Print the data exactly. Omit the pictures.

[Records supplied]
+++

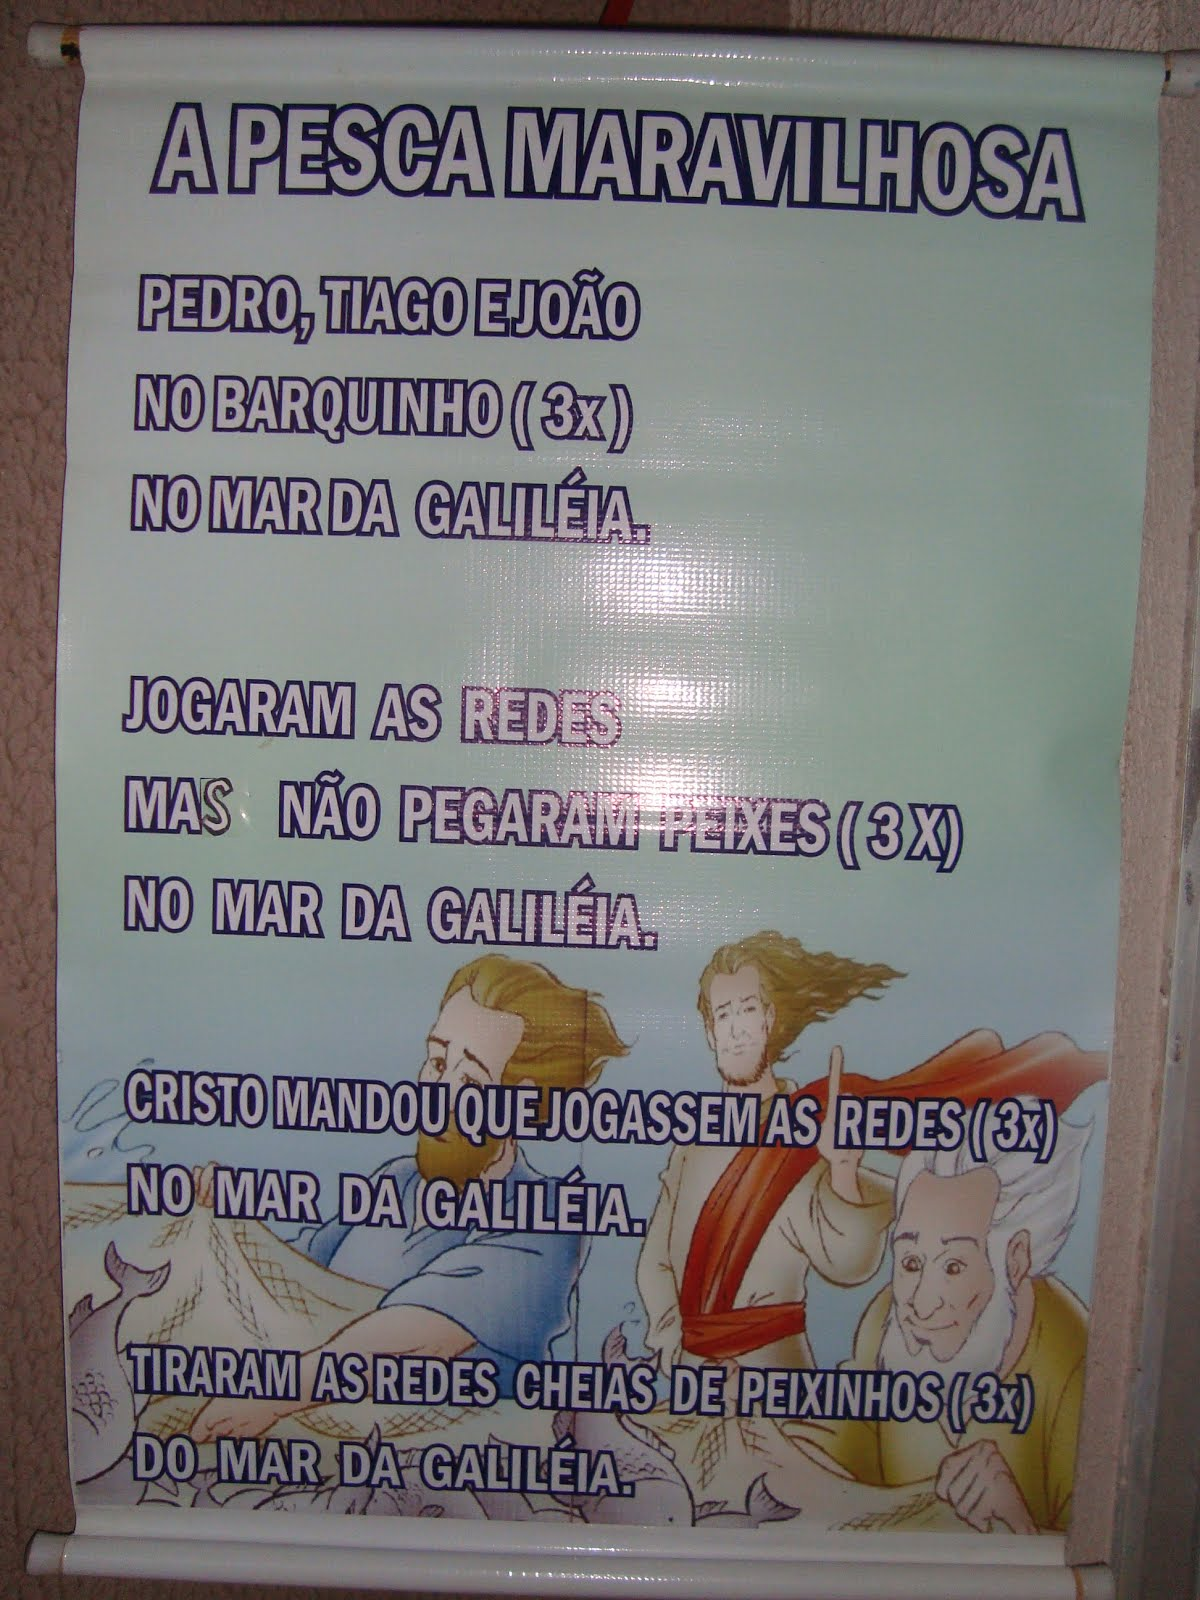 A PESCA MARAVILHOSA-MÚSICA
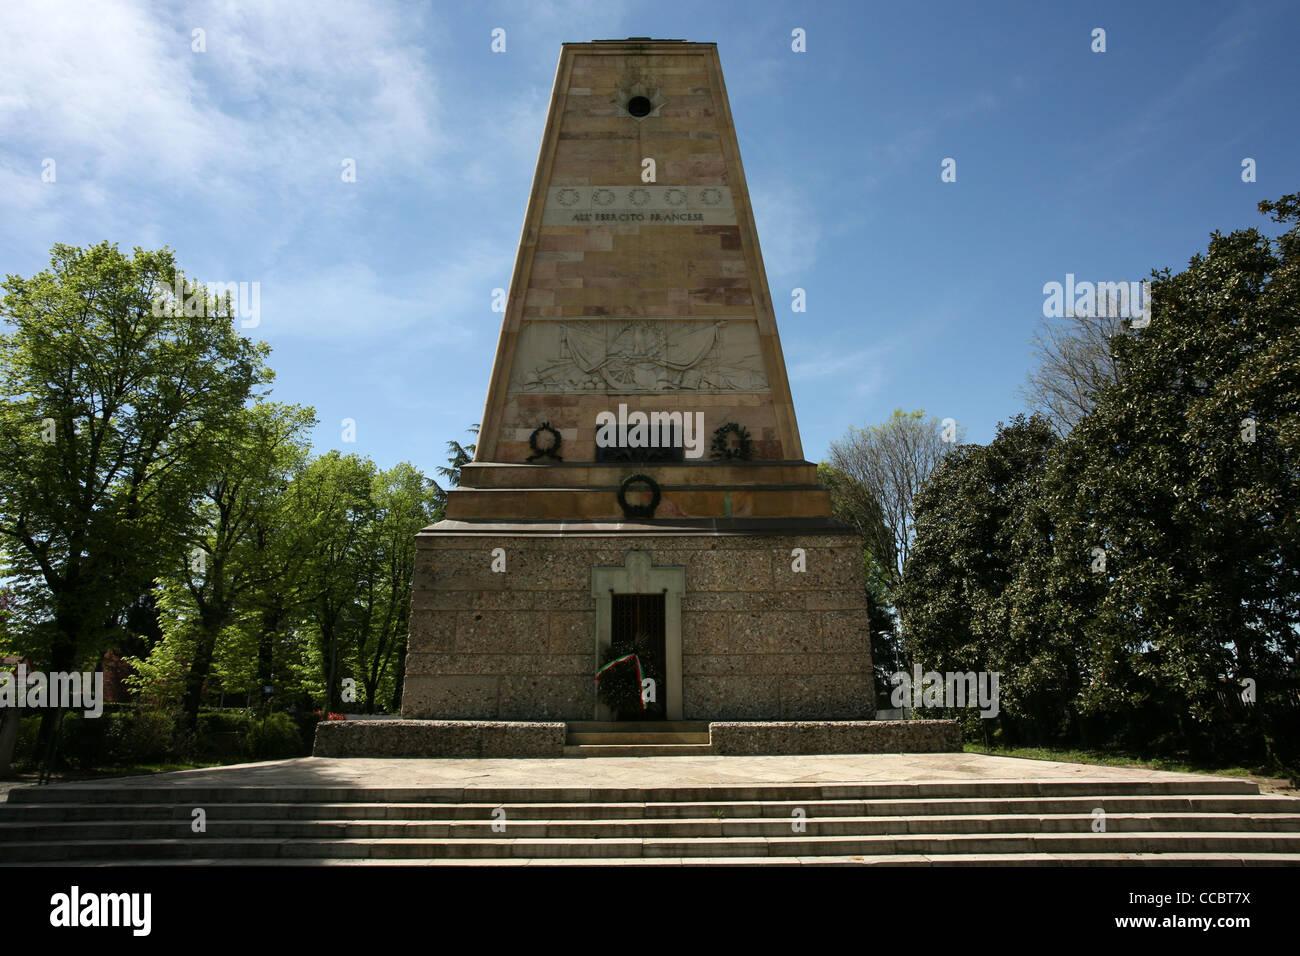 Magenta, Ossario caduti, statua gen. Mac Mahon, Lombardy, Italy, Europe - Stock Image
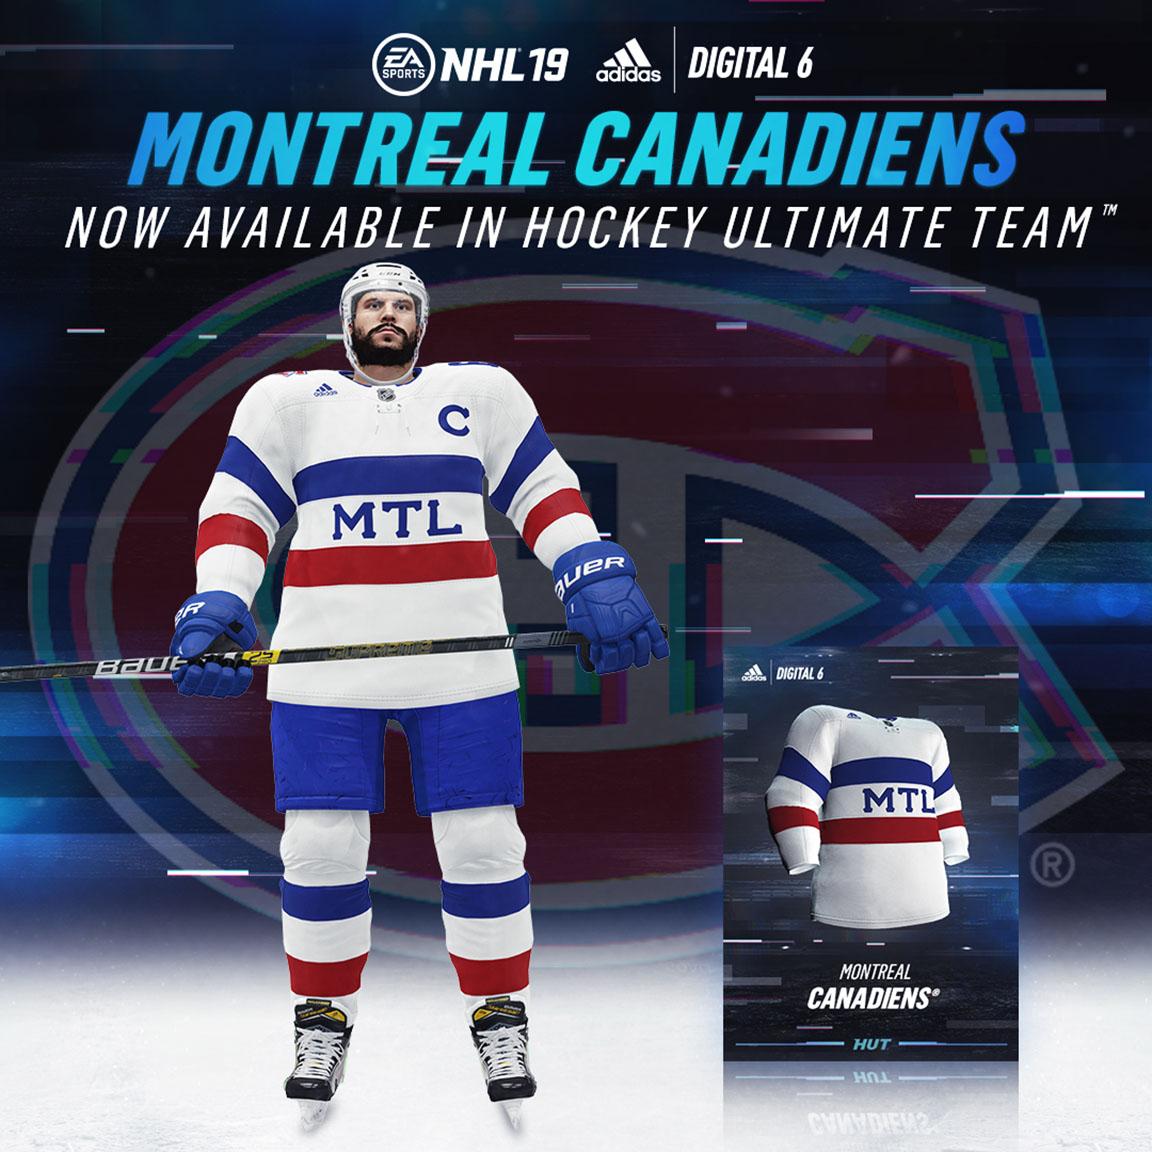 adidasHockey x EA_ Digital6_Canadiens_01.jpg
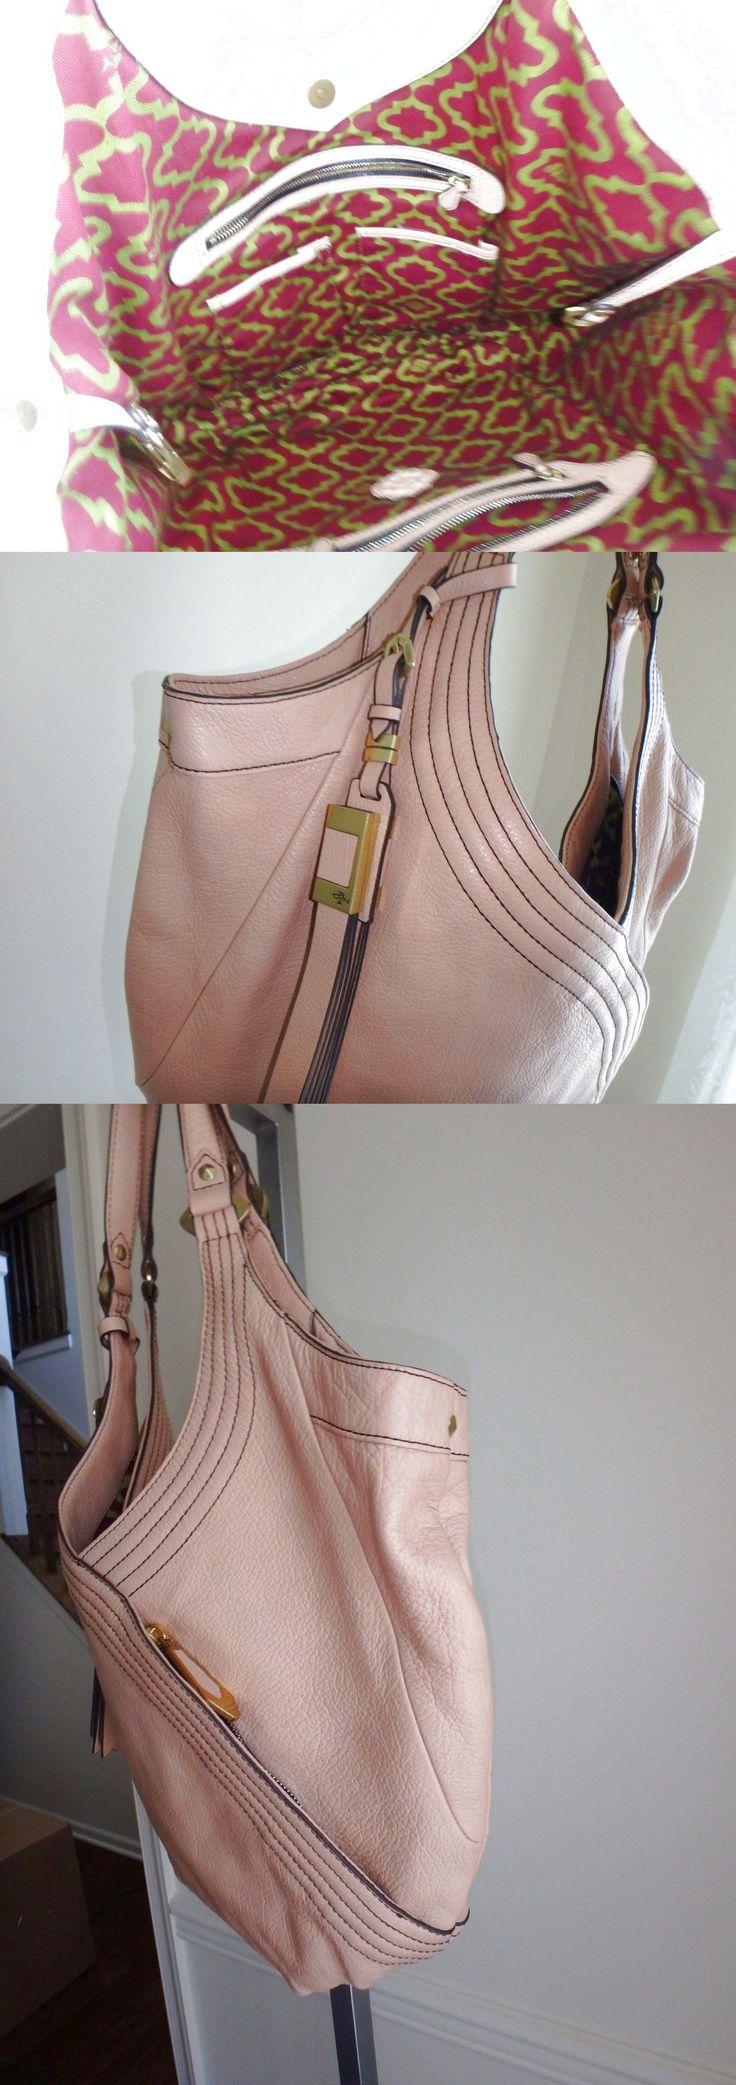 ORYANY ITALIAN GRAIN LEATHER HOBO BAG PURSE TRACY ALMOND NEW $92.99
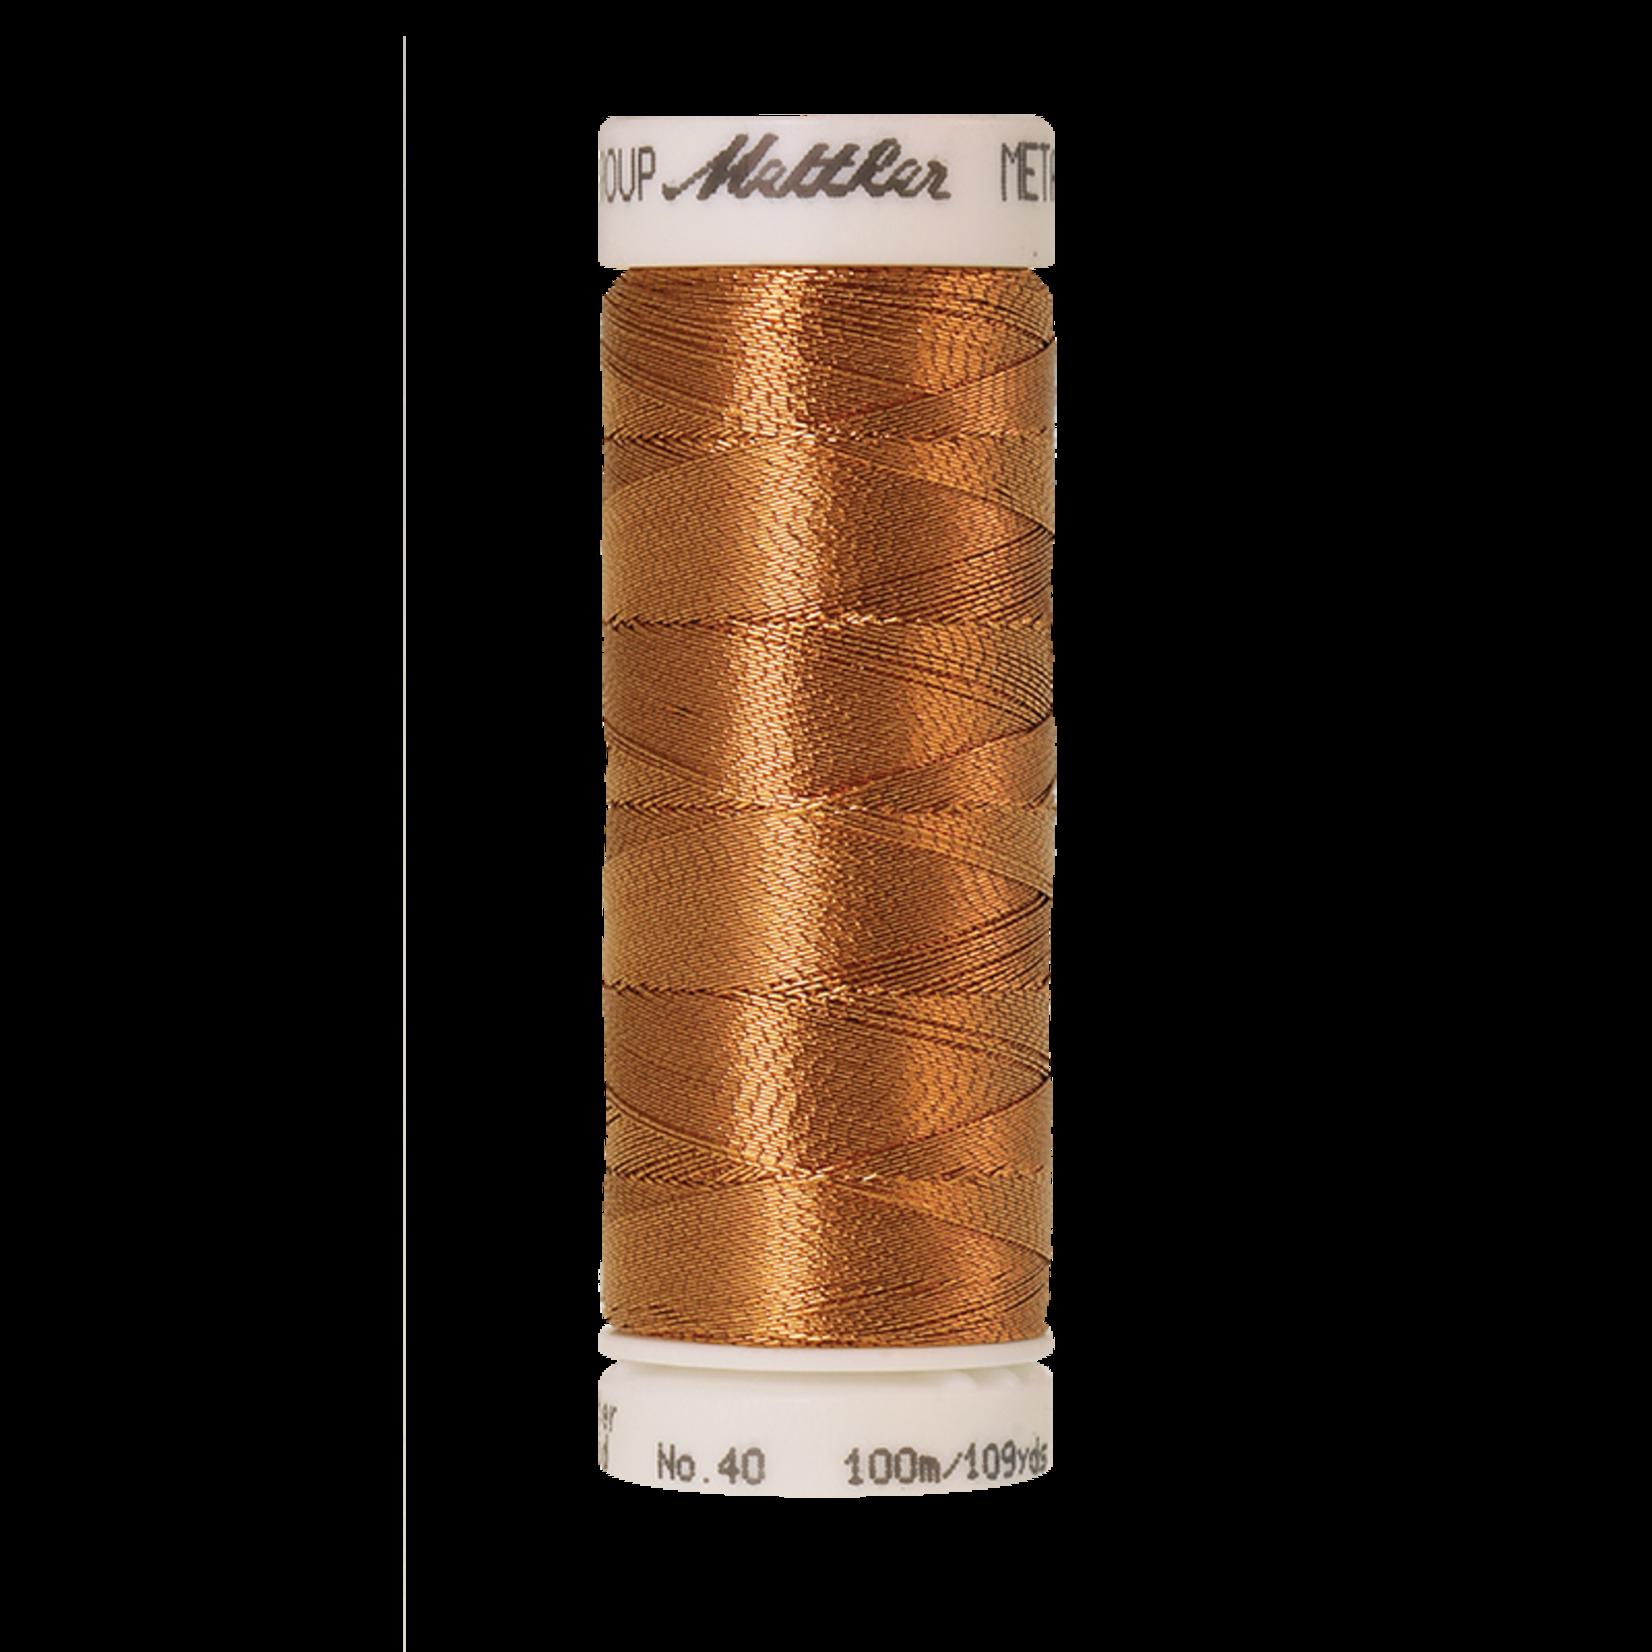 Amann Mettler Metallic - #40 - 100 m - 1134z Copper Gold

+++

[Completed exercise]
 A PESCA MARAVILHOSA-MÚSICA
 Magenta, Ossario caduti, statua gen. Mac Mahon, Lombardy, Italy, Europe - Stock Image
 adidasHockey x EA_ Digital6_Canadiens_01.jpg
 ORYANY ITALIAN GRAIN LEATHER HOBO BAG PURSE TRACY ALMOND NEW $92.99
 Amann Mettler Metallic - #40 - 100 m - 1134z Copper Gold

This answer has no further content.